Cycle thirteen, she cuts right to the chase. “Redhead!” She shouts, banging a fist against the wall. This time, even Mark turns, confusion and a fierce protectiveness warring on his face. Gemma surprises herself with how little she cares.

It occurs to her the next time Mark hustles her to the doors to shove her foot in the frame, force it back open. Mark hasn’t accounted for the possibility, and it buys her an extra half second before he can figure out how to respond. It means she sees her before Mark does— the stranger, that is. Their eyes catch, no pane of glass between them, and Gemma watches the redhead stutter step, her gaze locked inextricably on Gemma’s own.
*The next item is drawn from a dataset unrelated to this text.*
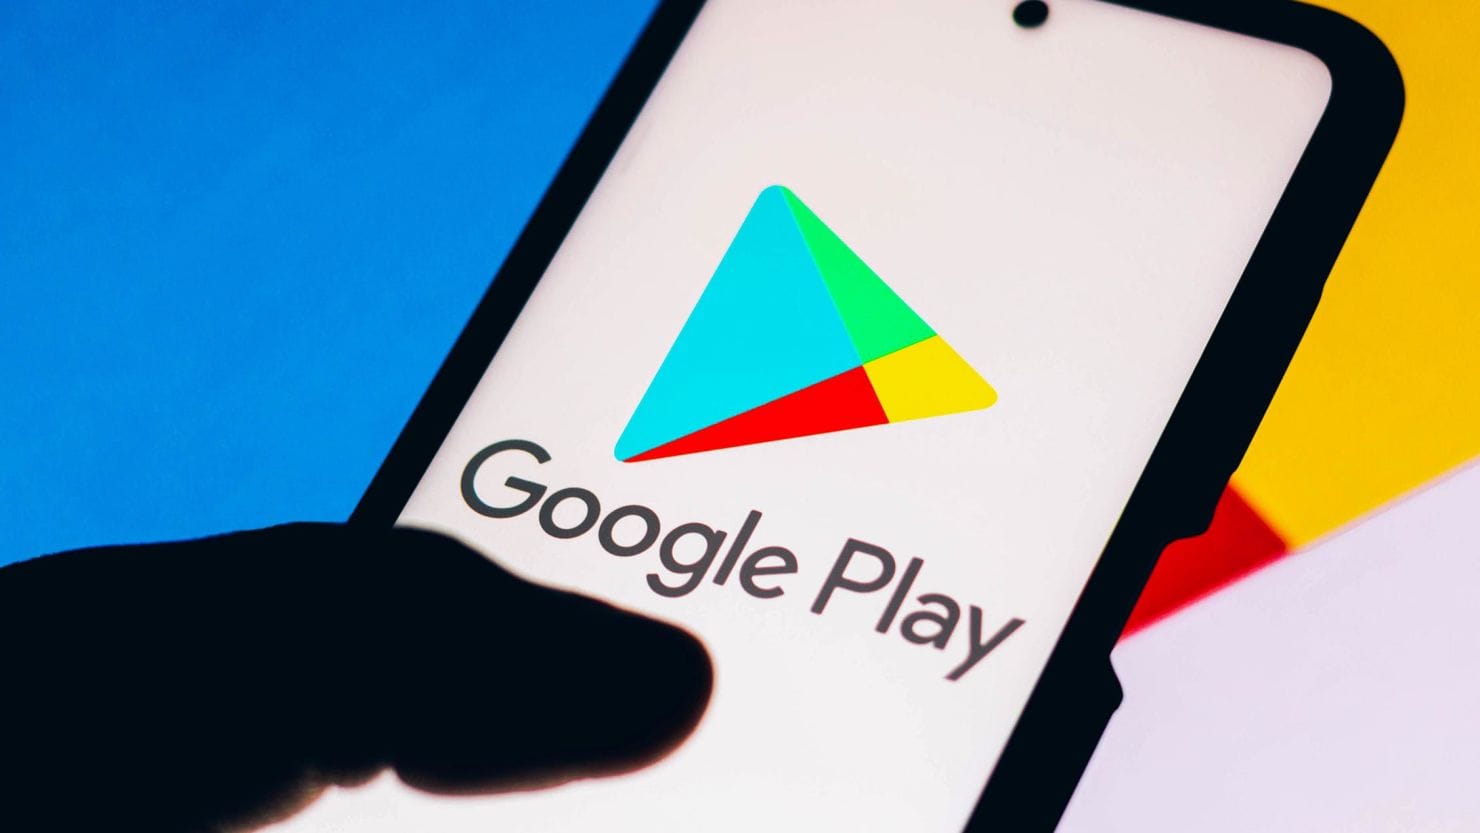 Google может удалить купленные приложения с ваших устройств Android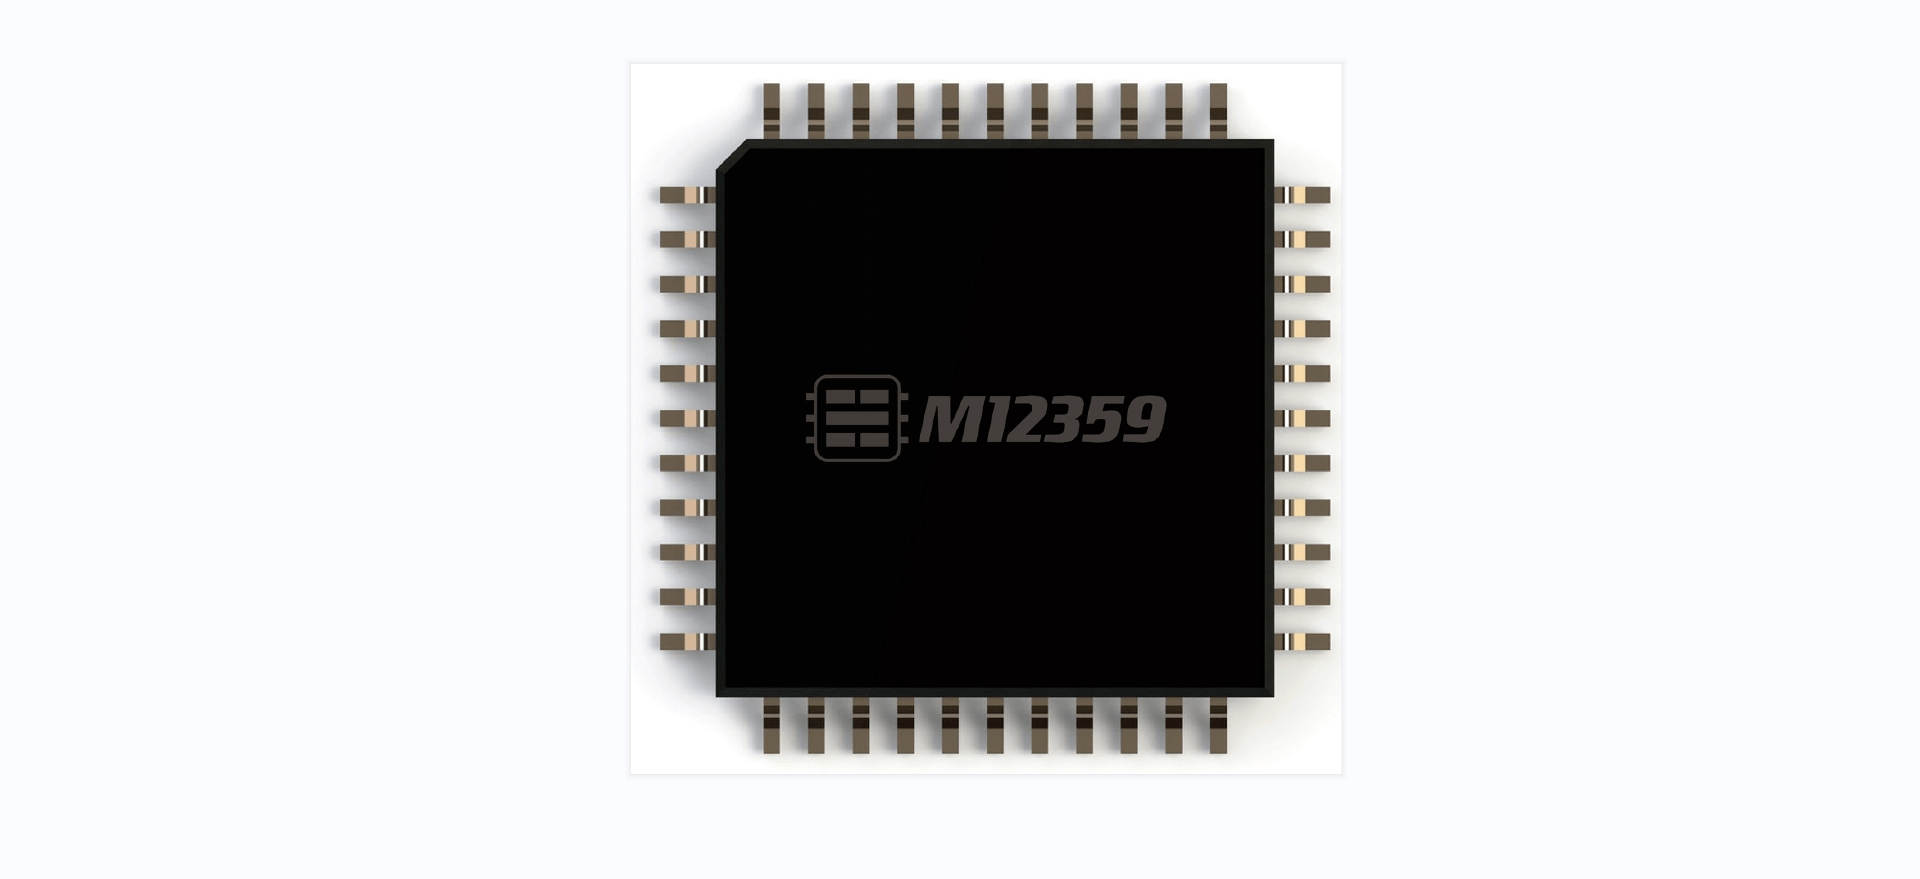 水芯M12359系列芯片的“芯”功能可以解决“多口充电干扰难题”

I know her, Gemma thinks, the thought so vehement and instinctual it surprises her. It knocks her back, a blow to the solar plexus, and the door shuts once more.

“Who are you?” She asks, the next time she gets the chance. She doesn’t account for any spiral the question might elicit, but, as it turns out, she doesn’t need to. There’s no hesitation before the stranger speaks, her shoulders set and her voice firm.
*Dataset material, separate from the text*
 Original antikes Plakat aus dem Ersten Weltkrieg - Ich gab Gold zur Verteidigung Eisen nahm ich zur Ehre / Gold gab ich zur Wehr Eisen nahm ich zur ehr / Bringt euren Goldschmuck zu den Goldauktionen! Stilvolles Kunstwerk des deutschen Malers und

“I’m Helly.” And then, curiosity winning out, “you’re getting out?”

Gemma smiles ruefully. Doesn’t seem that way, she thinks, preps for the blackout, the return to the doorway and Mark’s arms and the adrenaline rush all over again.

It doesn’t come.

Helly— Gemma mouths the name to herself, tastes it like jam on her tongue— raises one frustratingly perfect eyebrow. “Or not?”

“No,” Gemma insists, not sure who she’s trying to convince with her foot stuck in the door like it is, “I am.” She pauses, long and quiet, looks between the intrigued quirk of Helly’s mouth and the uncertain nervousness of Mark’s. The next words that come out of her mouth shock her with their ease. “He’s not coming with me.”

It’s half a question, half certainty, the sort of thing borne from watching the same movie a million times.

“We’re… it’s not us, out there.” Helly sighs a little as she speaks, drops her eyes meaningfully to Gemma’s careful positioning in the doorframe.

Gemma nods, blames the endless repetition of the past fifteen minutes for her lack of fight. “Helly,” she says, watches Helly’s neck snap to attention at the sound, “be safe.”

She doesn’t know this woman from a hole in the wall, but it feels important to say, both of them staring down the barrel of an oncoming train as they are. Gemma bears no belief that either of them have won or lost today— just a bone-deep understanding of the woman in front of her, clinging to life with her bare hands.

Helly smiles again, a small, sad thing. “You too.”

Gemma steps back, lets the door swing shut after her, and books it down the stairwell.